More than a good news story
Wallara Logistics supports employees of all abilities and the results are rewarding
We visit the Melbourne facility of Wallara Logistics to nd out more about how the business operates
It’s a sunny, late winter’s day when ATN visits Wallara Logistics in Melbourne’s south- eastern suburb of Keysborough. But the sun is also shining inside the warehouse for a unique group of workers who are getting more out of their employment than just a pay cheque at the end of the week.
Wallara Logistics is an arm of Wallara, a not-for-profit organisation set up in 1959 that now provides meaningful employment to people with intellectual disabilities.
But don’t jump to conclusions. General manager Garry Baker is quick to point out he doesn’t want people to get the wrong idea about what the organisation is about. While it might be all heart, their real heart lies in providing a top-quality, measureable 3PL service.
“We’re not standing out front holding a ‘Please help us’ sign. We market ourselves as a commercial operation,” he says.
The 3PL side of the organisation is relatively new, beginning at a micro level in 2010. But its growth has been fast. The warehouse space now covers more than 8000 square metres. Business has grown more than 400 per cent in six years, and boasts some enviable contracts.
Baker puts this down to attention to detail, a hands-on approach and a clear understanding that KPIs and customer testimonials win contracts, not appeals to charity.
“We sell on commercial grounds,” he says. “There’s not one customer who has come to us because of social or corporate responsibility.
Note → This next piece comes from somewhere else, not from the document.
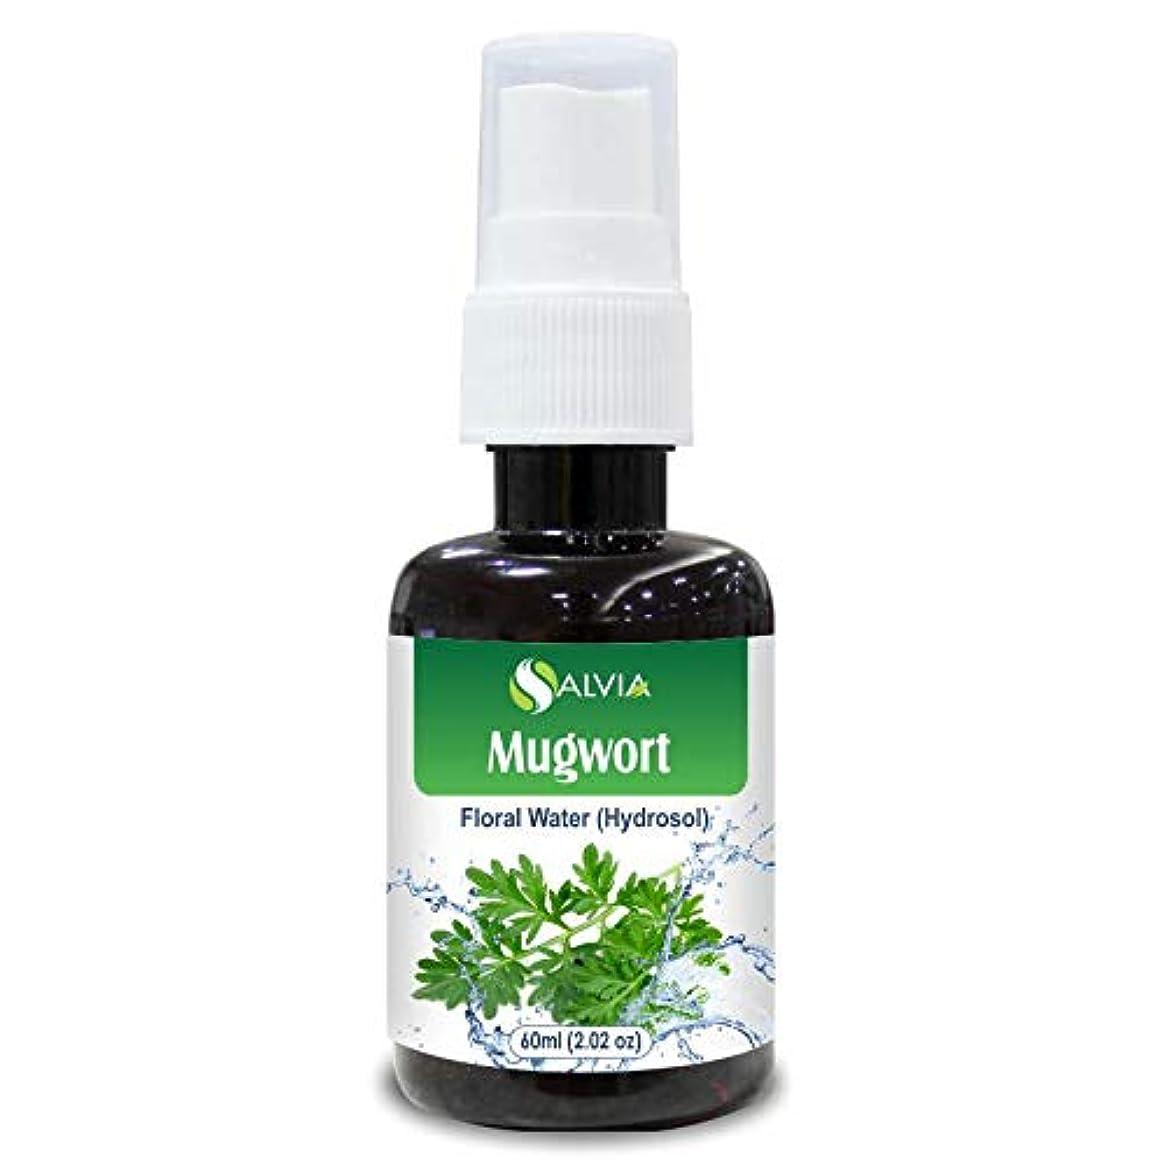 火曜日遺伝的不潔Mugwort Floral Water 60ml (Hydrosol) 100% Pure And Natural

Our nice backstory is second.”
“We used to be referred to in the dim, dark ages as a sheltered workshop,” Baker says.
The new business model revolves around
people with disabilities engaging with the workforce and the community to make them equal with anyone else in the community.
“That means doing a meaningful job and feeling part of the community. That builds their self-esteem.”
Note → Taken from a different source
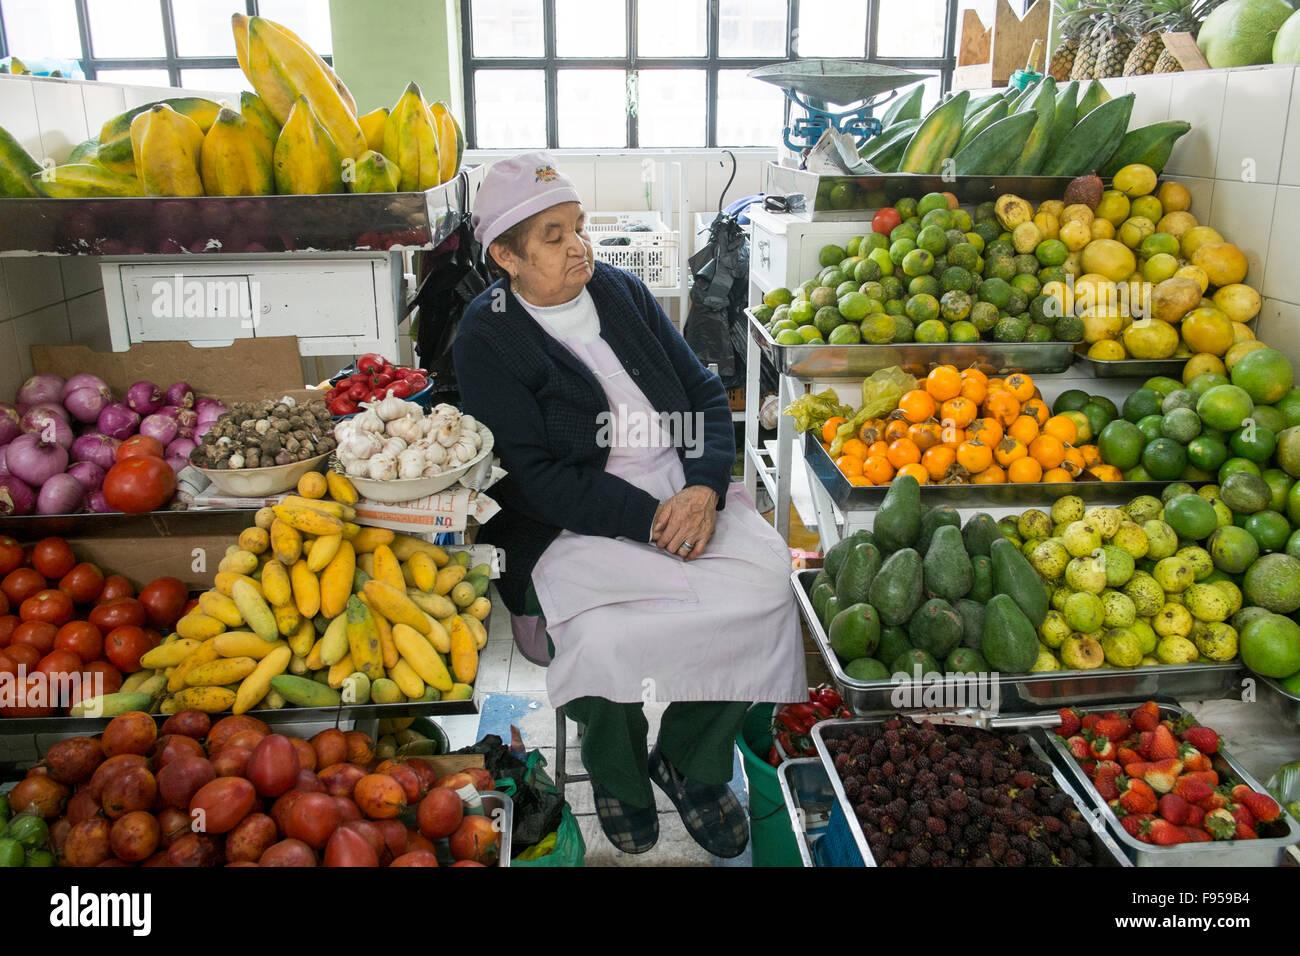 Quito , en Équateur. Le Mercado Central de Quito. Une femme dort sur son étal de fruits. Photo Stock

The workers with disabilities are called “supported workers”. The organisation also employs full-award staff to supervise and do quality-control checking.
“We don’t call it ‘ disabilities’ here. We call it ‘ different abilities’.” Operations manager Simon O’Brien chimes in: “Or ‘ diffabilities’.”
It’s not just a feel-good phrase, either. If you know how to harness it right, ‘diffabilities’ often give a better result.
The logistics arm of Wallara is divided into assembly and packaging in one warehouse, and 3PL warehousing in the other two. The supported workers in assembly and packaging run a production line of packing, labelling, gluing and making up retail products for a diverse range of customers. While it might be considered repetitive and tedious for some, it’s work that suits the skill set of the supported workers, Baker says.
The supported workers demonstrate a high degree of accuracy and aptitude for the tasks, owing largely to their unwavering dedication to following instructions.
“People with different abilities tend to listen to what you say,” explains Baker. They don’t try to cheat the system or try to find a shortcut. Once you give them a process, they stick to that process.”
This results in high accuracy when it comes to warehousing, according to Baker. It’s a matter of psyche. Whereas to save time you or I might scan one box eight times when picking eight boxes of the same item, a supported worker will always scan every box individually. Everything is an individual pick.
“It takes longer but it’s more accurate,” Baker says. “Our customers love our accuracy.”
Supervisors also do a quantity check on a scan-pick before it’s packed, with everything having a secondary check.
“We know it’s been picked 100 per cent because of our process. There are SOPs for everything we do.”
BUILD IT AND THEY WILL COME
Baker’s predecessor and the previous CEO signed a 10-year lease on the Keysborough building in 2010, then left the organisation. Baker stepped in, effectively inheriting a decade-long lease and no business.
“We were lucky to get our first customer,” says Baker, which was the collectable toy Beanie Kids. “And in 18 months we’d outgrown our factory, so we leased a second building next door.”
Over the next two years Wallara marketed heavily and won more customers, filling its 3500-square-metre space. The big Mary Kay contract came in 2014, and they’re currently going through a contract renewal.
One of the challenges any 3PL logistics organisation faces is convincing potential customers to use a 3PL in the third place.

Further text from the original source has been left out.